Nesta quarta-feira de chuva esperada, um fato me chamou a atenção, que foi o e-mail produzido por um dos mais argutos produtores culturais deste Pais, de nome Gilvane Sabino, tratando de questoes da cultura e da musica a partir das crises da Paraiba. Como ele é paraibano, conhece profundamente a produção de Recife em diante e tem vinculo profundo com nossa arte, eis o que ele tem a dizer:
Um momento de reflexão
Nesses dias ouvi no rádio uma gravação de um dupla sertaneja cantando a linda canção Tocando em Frente, de Renato Teixeira, em que fala das manhas e das manhãs, do sabor das massas de das maçãs, etc. Lembro também de um hit de Reginaldo Rossi, As Quatro Estações, em que, regravada na voz de Geraldo Azevedo, declama versos lindos sobre o outono, a primavera, inverno e verão.
Além de outros que misturam clássicos sertanejos interpretados por ícones da música pop com duplas caipiras e agora remixadas para o forró plástico.
O que tudo isso significa para nós? Sem dúvida, um chamado. Em que devemos nos despir do preconceito, da mania de querer ser elite e burguesia sem carecer contato com o povo, com as massas, com os semelhantes.
Como produtor cultural tive oportunidade na minha vida profissional de trabalhar ao lado de grandes personagens da vida artística nacional como Luiz Gonzaga, Gonzaguinha, de quem me tornei amigo, Nando Cordel, Chico Cesar ainda no começo de carreira em João Pessoa, Simone, e muito outros. Em certos dias viajei ao lado de Dominguinhos, Sivuca, Novinho da Paraíba, Flavio José. Noutros dias, com as bandas Mastruz com Leite, Limao com Mel, Carícias, etc. Pude conversar com muitos artistas e músicos de todas as classes que se possa imaginar, inclusive, da música clássica, maestros e tal.

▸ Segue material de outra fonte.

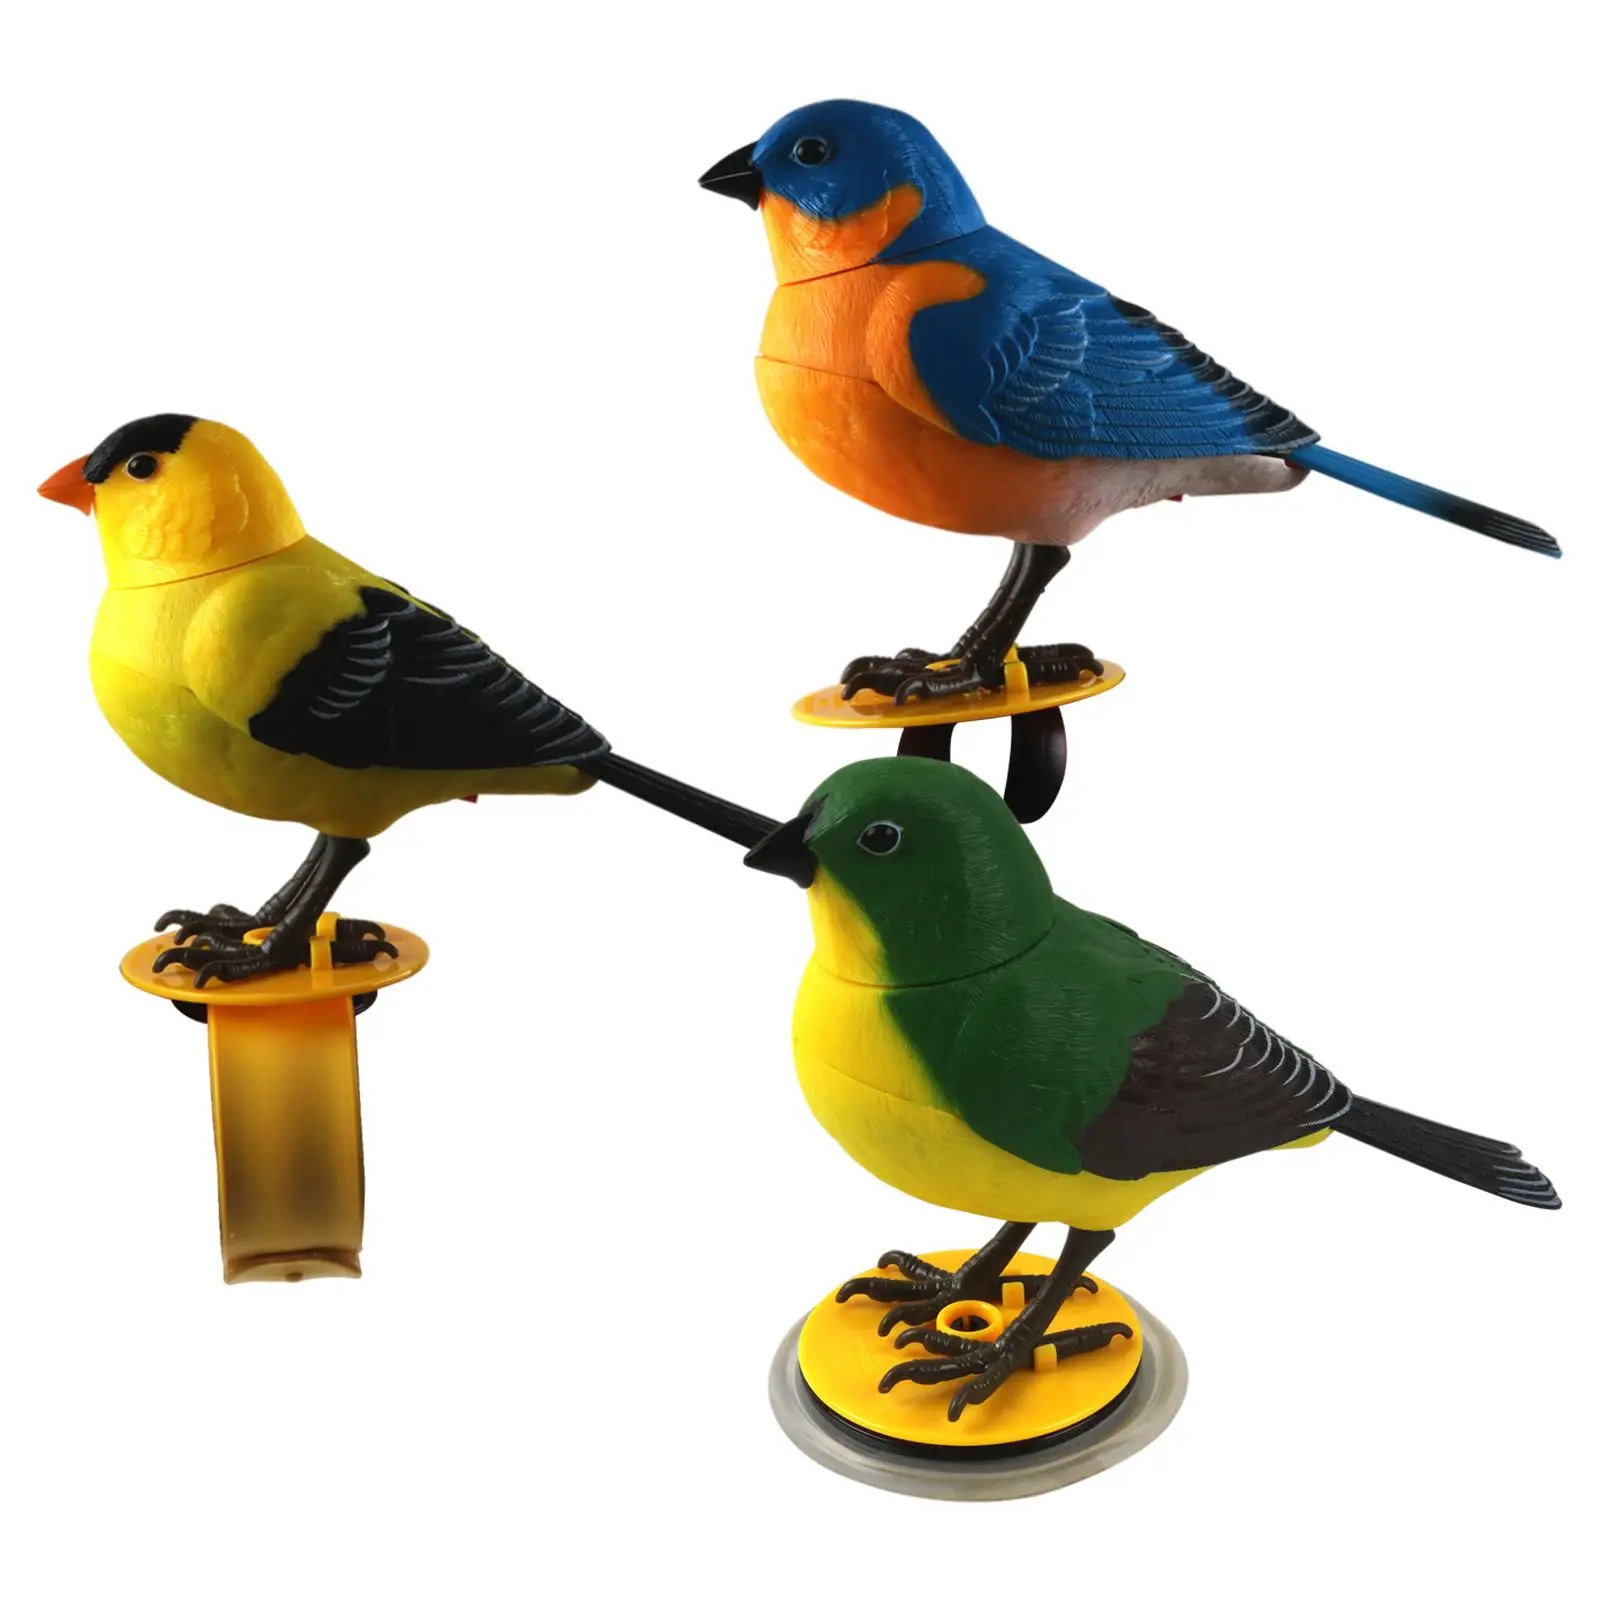 Voice Controlled Bird Pet Activate Playing Toy Kids Talking Parrot for Baby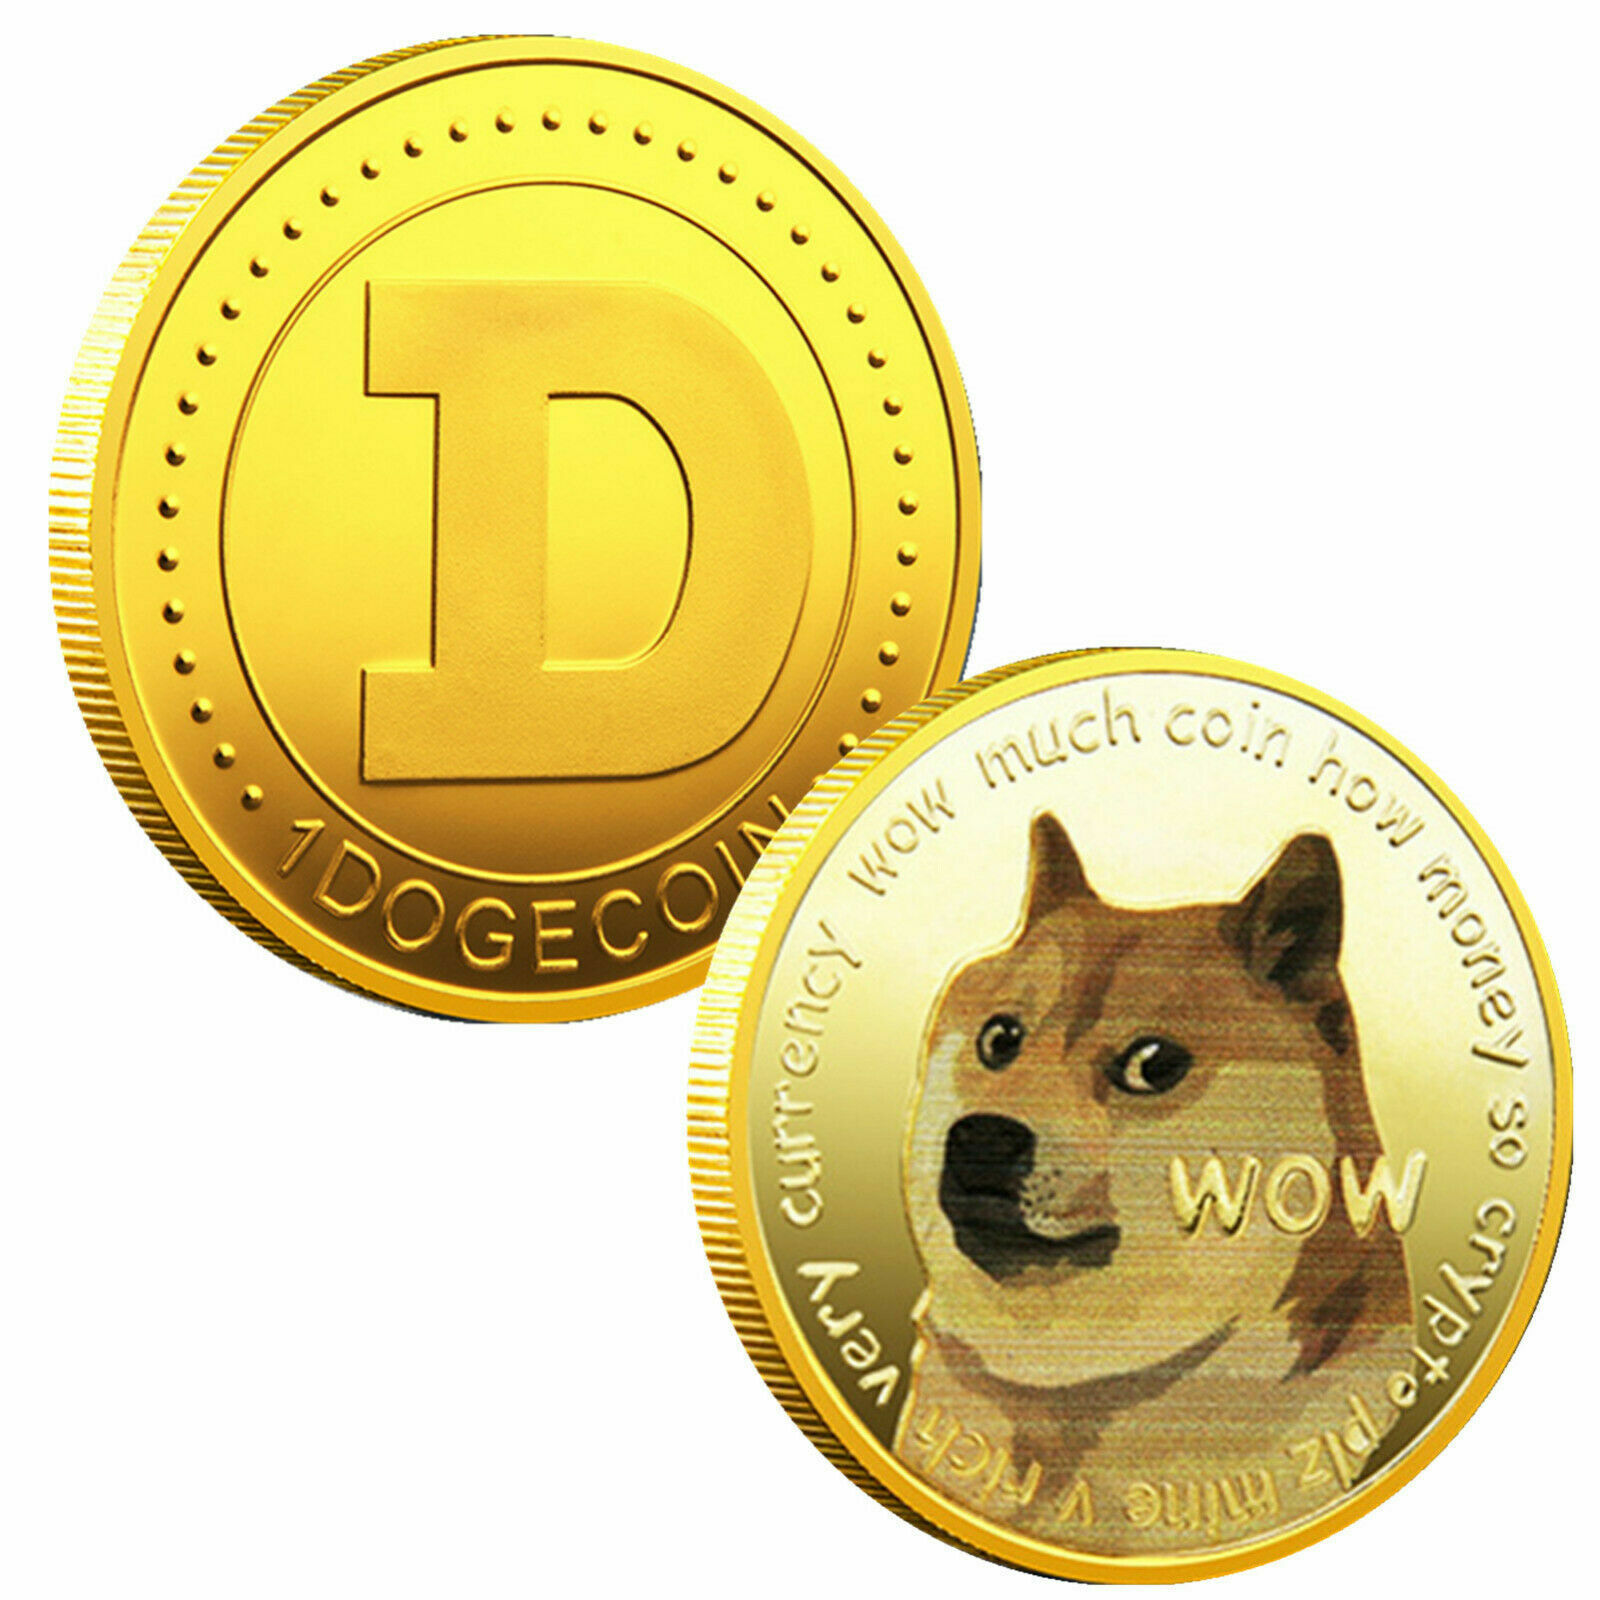 1x Gold Dogecoin Coins Commemorative 2021 New Collectors Gold Plated Doge Coin

A informação que me chega refletir é de pura essência democrática. Nunca consegui imaginar que um dia pudesse entender Egberto Gismonti tocando um clássico do folclore sertanejo de Alagoas e ouvir esta mesma canção interpretada por Alceu Valença ou Elba Ramalho e depois por bandas de forró de plástico. Estes expoentes nos levam a relfexão mais profunda de nossas origens, de nossa cultura. Enfim, o que é cultura? Como discriminar?
Como querer dizer que isto é válido e isto não? Quando, um artista poderá se asperar indicar o certo e o errado sendo ele mesmo fator de inspiração variável no mundo das idéias?
Fomos nós, com o querido Fernando Teixeira, que resolvemos abrir as portas do teatro Santa Roza em inesquecível noite para juntar num só palco Cachimbinho e Geraldo Mousinho, Quinteto Itacoatiara, Bráulio Tavares, Jarbas Mariz, Jaguribe Carne, Dida Fialho e muito outros. Aquela experiência ousada em desbravar os caminhos da nossa música, deixou lições de que é possível respeitar pessoas, artistas e tendências.
O papel do governo é de administrar nunca de separar, ou discriminar. O mesmo papel moeda que paga impostos vindo das mãos daquele que adora o forró de plástico, é o que patrocina o vinho da mesa dos que imponderavelmente classificam as massas na tentativa de exclui-las. Antes de discriminar, deveríamos lançar olhar sobre aquilo que deixamos de fazer. Colaborar para oferecer ao povo um qualidade melhor de instrução e possibilidade de educação e escolha.
Projetos que contemplassem, por exemplo, poder levar ao ar através do rádio, música melhor letradas, as chamdas mpb, etc, de forma a populariza-las. A TV Globo, tão criticada, consegue no horário nobre colocar excelentes propostas como as músicas de Maria Rita, Tom Jobim, Cazuza, Chico Cesar, e misturam isso aos forró de Elba Ramalho, Nando Cordel, e outros e Aviões tocando ” você não vale nada mais eu gosto de você..” e isso vira um sucesso.
Esse é um relato da mistura cultural de nosso país. A mistura por exemplo, que ha em Recife, capaz de aglutinar num mesmo bairro da cidade antiga, Jazz, Reggae, Pagode, Frevo, Rock, Maracatu, Coco, Forró e outros rítmos, como temos no exemplo do carnaval e durante todo o ano.
Resta-nos refletir. Dar a Cesar o que é de Cesar, e abrir nossas mentes para a realidade desde o pé-de-serra até o pagode russo, ou o forró de plástico.